386. BI receives two annual reports from FIs. One is a report on governance by the BoD, which refers to compliance matters, including AML/CFT, in a general way. The second is dedicated to the effectiveness of AML/CFT controls, including reference to STRs/CTRs filed with the PPATK. BI also receives monthly transaction reports from MC on the number of purchase and sale transactions and from MVTS on incoming, outgoing and domestic remittances, together with monthly fraud reports.

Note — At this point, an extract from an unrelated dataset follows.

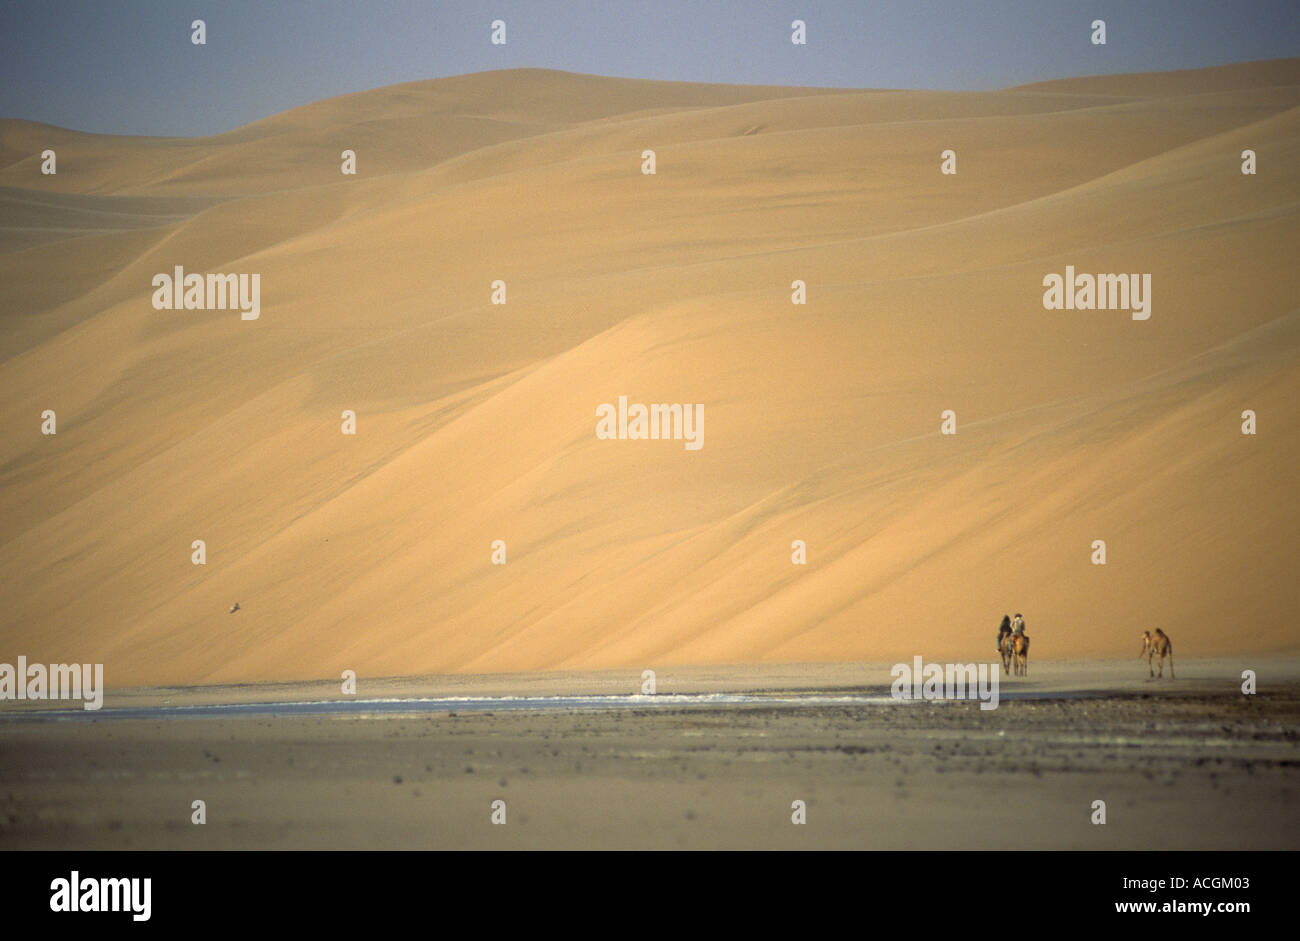 Benedict Allen and camels travel along the sand dunes of the Langevaan in the Namib Naukluft desert Stock Photo

It also receives reports on changes to the management structure, capital structure or shareholding of licensees as they occur. These provide useful information, as do self-assessment reports provided by licensees prior to an on-site inspection.
Overall, BI would benefit from receiving more detail from firms.
387. FIs are risk rated into one of five risk levels. The general pattern has been for ratings to reduce in riskiness; the AT has a concern that the absence of any MC or MVTS rated as high risk (dating back several years) means that the risk profiling methodology is unbalanced to some extent. BI demonstrated thoughtfulness of approach, including consideration of regional risks, and has noted that a focus on outreach has had a positive effect on controls. Risk ratings are considered annually and after trigger events. Ratings have changed as a result. Overall, there is scope for greater detail in the risk assessment.